Electronics > Projects, Designs, and Technical Stuff
LTSpice pulse options
iMo:
--- Quote from: Simon on May 06, 2019, 08:34:57 pm ---i am getting the reverse, 1s of data gets an FFT from 1Hz to 8MHz, but for 20ms it goes to about 300MHz from 50Hz. But below 1KHz there is no useful data and there is data well beyound the 100MHz.
Is this all predictable? or do I have to guess and play around when I want to look at specific frequencies?
--- End quote ---
Sure it is predictable.
Let the transient analysis is "ta" seconds long.

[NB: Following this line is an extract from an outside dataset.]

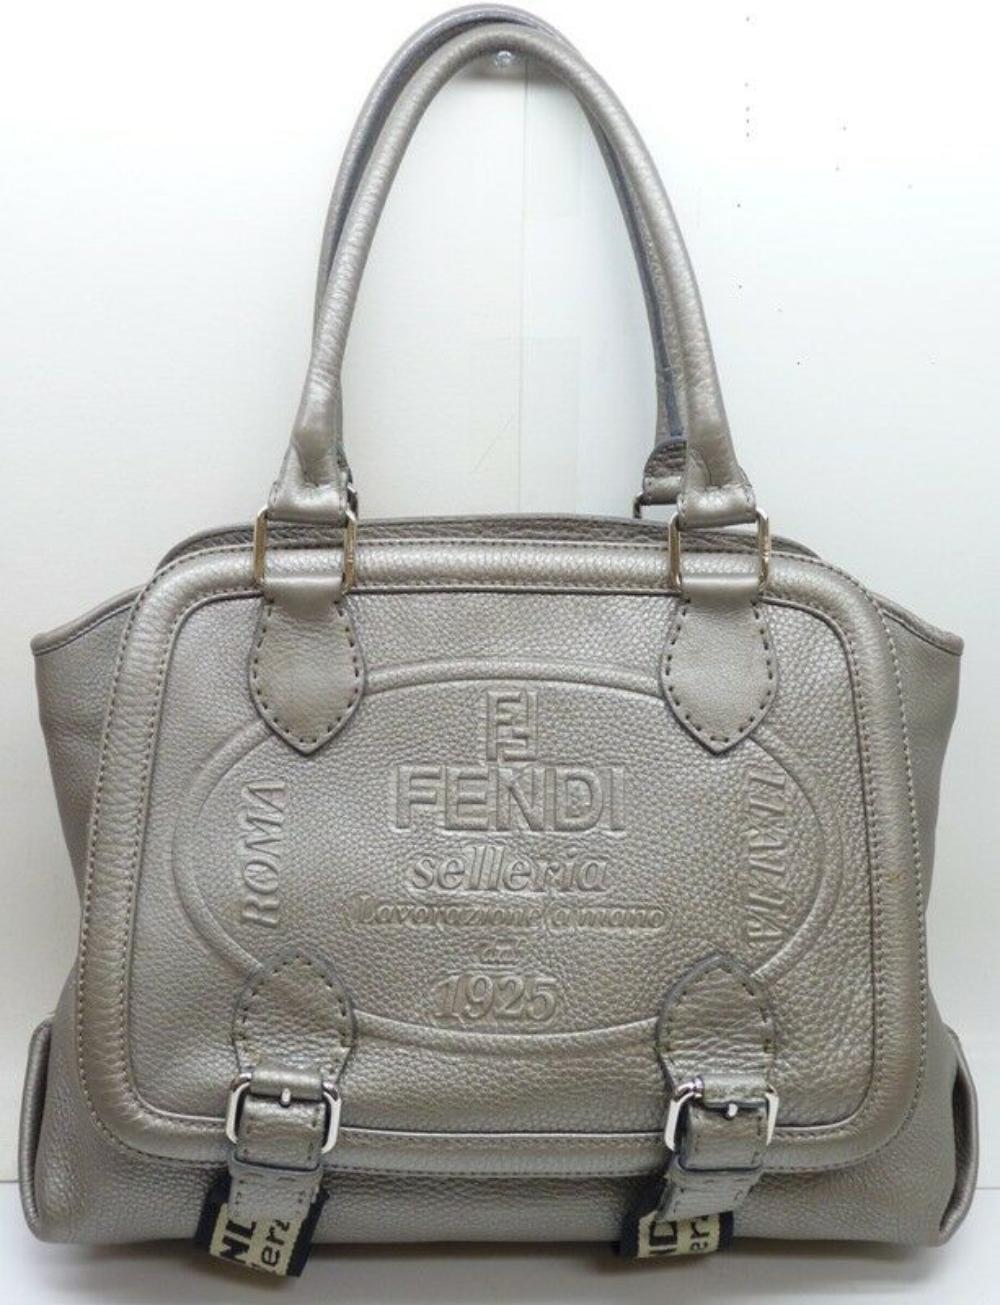 FENDI Selleria Lavorazione a mano 1925 Silver Leather Bag Limited Edition

Let the number of the FFT points is N.
Then you will get N/2 spectral lines and* the highest spectral line is
fmax = (N/2)/ta
and the lowest spectral line is
fmin = 1/ta
or something like that :)
PS: An example:
ta = 20ms
N = 16.7mil
fmax = 417MHz
fmin = 50Hz
ta = 1s
N = 16.7mil
fmax = 8.35MHz
fmin = 1Hz
* the spectra is again "smooth" with theoretical max N/2 spectral lines.
iMo:
And as always you may zoom in into the spectra:
PS: in order to get the best spectra you have to apply a Windowing function before you do the FFT.
There are dozens of W functions, each suitable for a specific case.
LTSpice offers many.
Otherwise it is a rocket science..
Simon:
OK, thanks, if the shorter data still yields results then it makes sense with the shorter data. I thought the idea of FFT was to assume that the portion of signal supplied repeats itself over and over to infinity.
pwlps:
--- Quote from: Simon on May 09, 2019, 06:44:02 am ---OK, thanks, if the shorter data still yields results then it makes sense with the shorter data. I thought the idea of FFT was to assume that the portion of signal supplied repeats itself over and over to infinity.
--- End quote ---
Yes exactly, it repeats itself, this is why windowing or at least padding with zeros is recommended to attenuate the artifacts generated by the wraparound. The artifacts are even more dramatic when you try to restore the original signal from its FFT spectrum, you might have a look on this : https://www.eevblog.com/forum/beginners/fft-and-signals/msg2321997/#msg2321997
Simon:
So I assume the period of time i analyse should correspond to the signal period so that when it wraps it's a carrect signal.